Monday 29 April 2013

Secrets of the Scala Lexer 2: Blank Lines in Comments

Consider the following Scala snippet:
@tailrec
/*
 Comment 1
 Comment 2
 */
def foo: Int = ???
This compiles correctly. Consider what happens if we insert a blank line between Comment 1 and 2:
@tailrec
/*
 Comment 1

 Comment 2
*/
def foo: Int = ???
This time, we get a compile error ("expected start of definition"). So why is it that we can get syntax errors based solely on whether there is a blank line inside a multi-line comment?

The gory details can be found in the Scala Language Specification §1.2, but the summary is:
  • To support semicolon inference, new-line characters are sometimes interpreted as a special new line token called "nl". The rules for when this occurs are moderately complex, but end up working quite intuitively in practice.
  • Two new line tokens can be inserted by the compiler in the following case: "if two tokens are separated by at least one completely blank line (i.e a line which contains no printable characters), then two nl tokens are inserted."
  • At certain places in the syntax, an optional single newline token is accepted -- this includes after an annotation.

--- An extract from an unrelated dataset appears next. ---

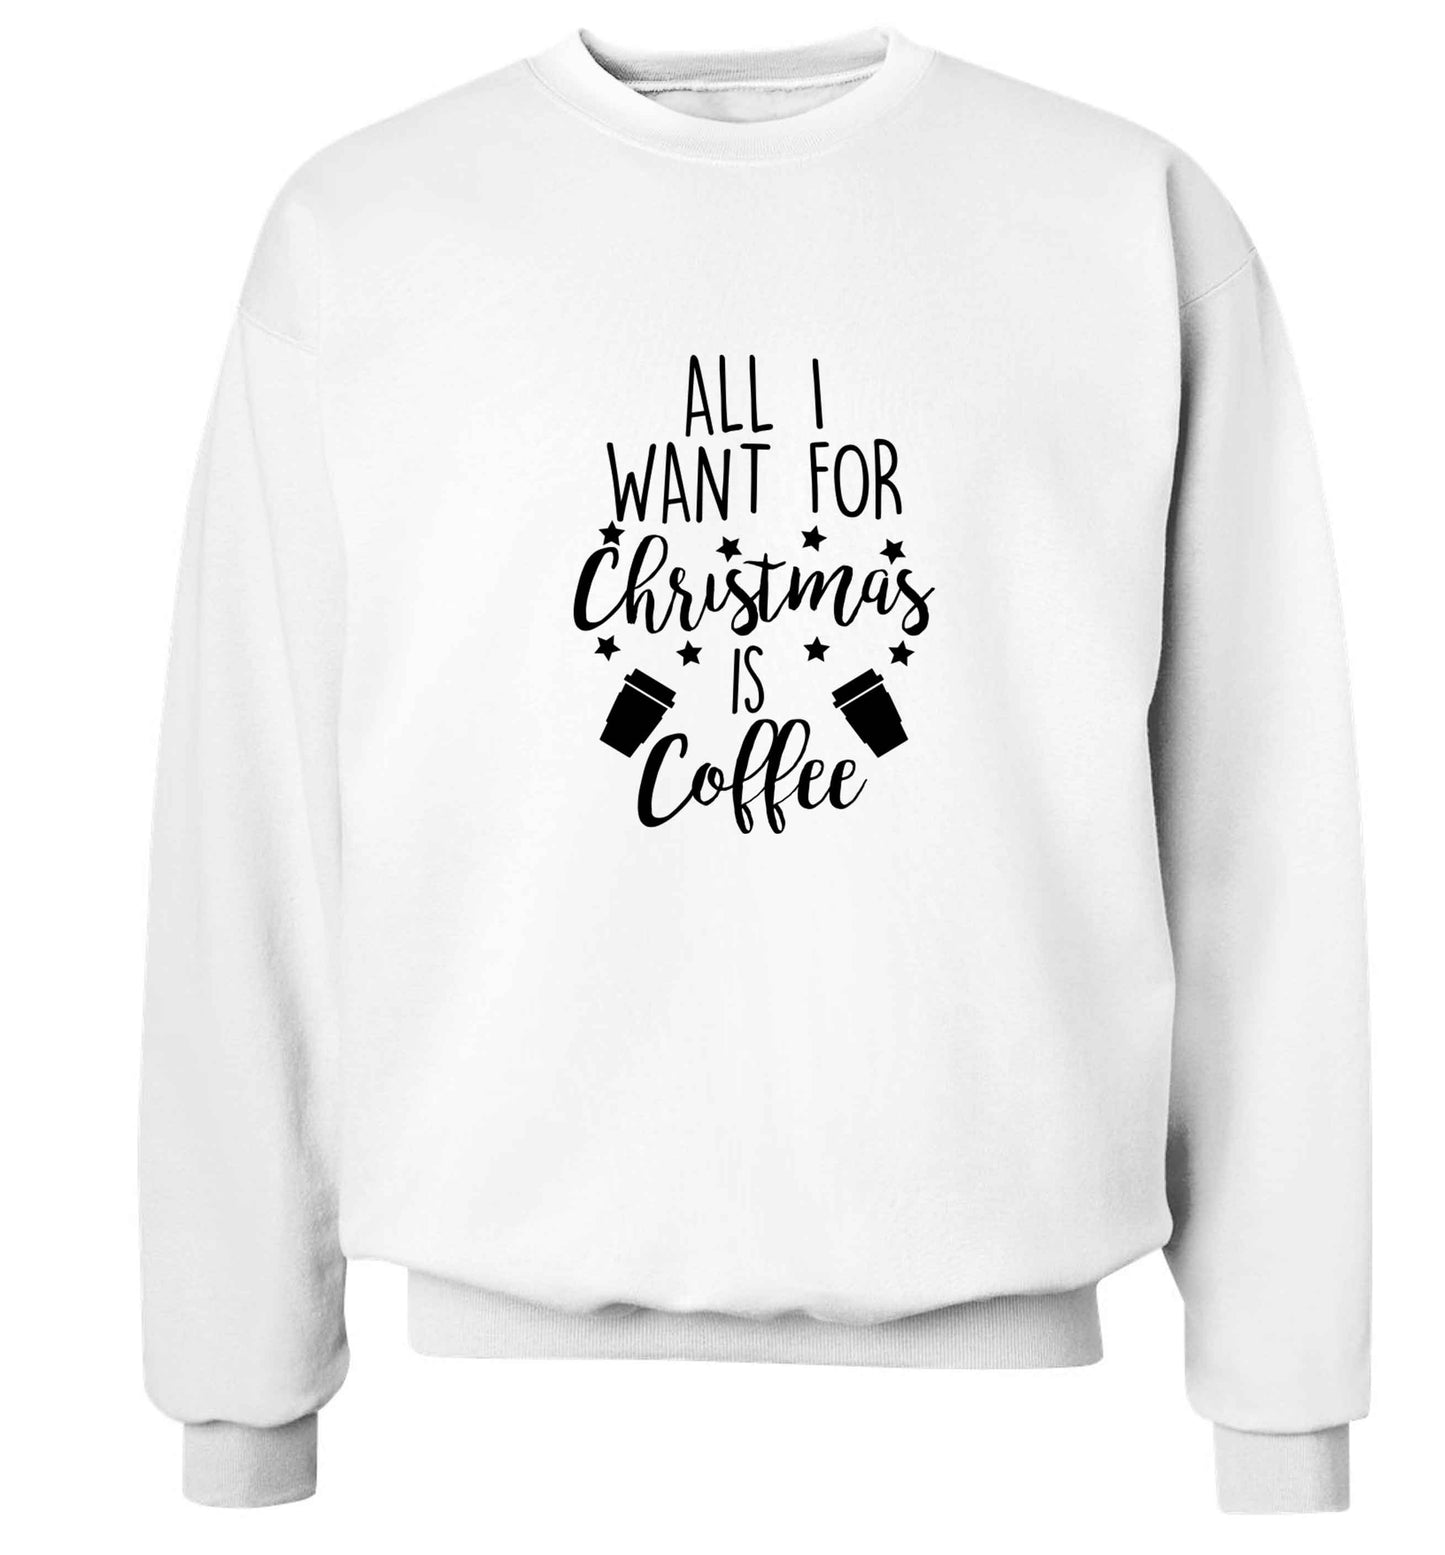 All I want for Christmas is coffee Adult's unisex white Sweater 2XL

This is also done to support semicolon inference.
  • However, two new line tokens are not permitted in some places (including after an annotation). I believe the intention is that blank line is a clear sign that the code after should be separated from the code before.
So by adding a completely blank line in the comment, two new line tokens are inserted instead of one, as per the above rule, and that is not permitted by the syntax after an annotation.

Maybe this behaviour should be changed to ignore completely blank lines inside comments?

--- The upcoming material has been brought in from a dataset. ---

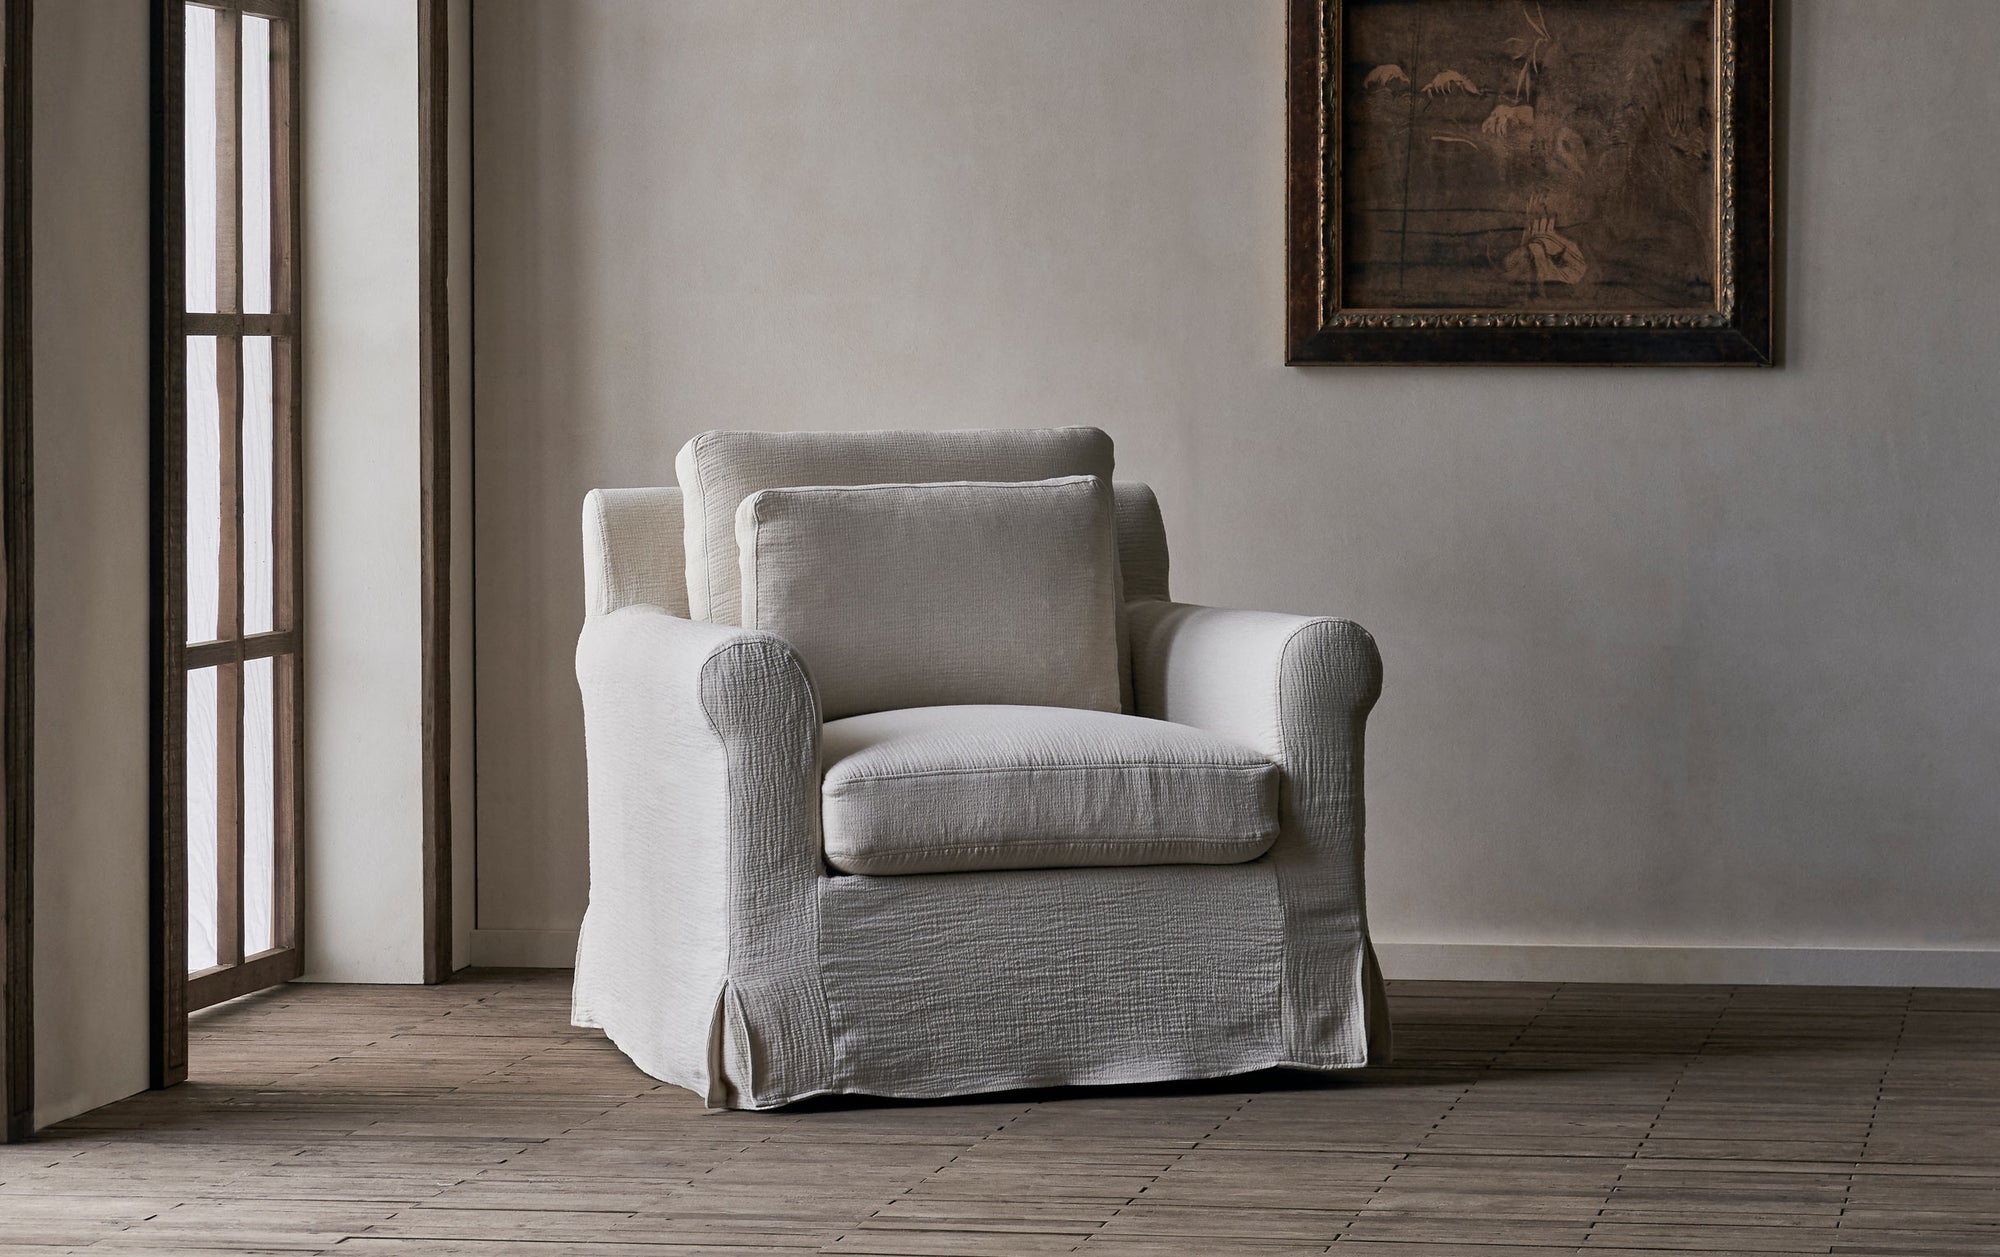 Elias Swivel Chair in Corn Silk, a light beige Washed Cotton Linen, in front of a greige wall with a hanging framed painting

Updated (1/May/2013): I've raised this as issue SI-7434.

Other posts in this series:

Friday 26 April 2013

Secrets of the Scala Lexer 1: \uuuuunicode

As part of developing Scalariform, I ended up writing my own Scala parser and lexer. I bumped into a couple of quirky features in the syntax that I might share in this occasional blog series.

First up is Unicode escapes. Both Java and Scala support encoding Unicode characters as hexadecimal sequences:

val arrow = "\u2190"

You might also be aware that this encoding isn't a feature only of string or character literals (as is the case for "\n" and "\r" etc), but can also occur in any position in the source file. The translation from encoded to unencoded characters is conceptually the first stage in parsing Scala, performed before the characters are recognised as tokens. For example, the following two snippets encode the same valid Scala statement:

val x = 42
\u0076\u0061\u006c\u0020\u0078\u0020\u003d\u0020\u0034\u0032

What's even more strange is that you can add arbitrary number of "u"s to your escape sequence, still happily accepted by the compiler:

\u0076\uu0061\uuu006c\uuuu0020\uuuuu0078\uuuuuu0020\uuuuuuu003d\uuuuuuuu0020\uuuuuuuuuu0034\uuuuuuuuuuu0032

Cool. So, what is the purpose of this feature? Well, Scala borrowed it from Java, and Java's excuse is documented in the spec:
The Java programming language specifies a standard way of transforming a program written in Unicode into ASCII that changes a program into a form that can be processed by ASCII-based tools. The transformation involves converting any Unicode escapes in the source text of the program to ASCII by adding an extra u - for example, \uxxxx becomes \uuxxxx - while simultaneously converting non-ASCII characters in the source text to Unicode escapes containing a single u each.
This transformed version is equally acceptable to a Java compiler and represents the exact same program. The exact Unicode source can later be restored from this ASCII form by converting each escape sequence where multiple u's are present to a sequence of Unicode characters with one fewer u, while simultaneously converting each escape sequence with a single u to the corresponding single Unicode character.
I can perhaps imagine the intention in a Java 1.0 world. Maybe you've got some source processing that only works with ASCII. You can encode your source as above, pump it through your tool, and then unencode it, and you've got your unicode characters and unicode escapes preserved unscathed by the process.

I'd be interested to know if anyone has ever used this technique in Java; I'd certainly wager that nobody has or will ever use it for Scala. In my humble opinion, it's something of a misfeature in 2013 — creating puzzlers, and complicating the implementation of language tools.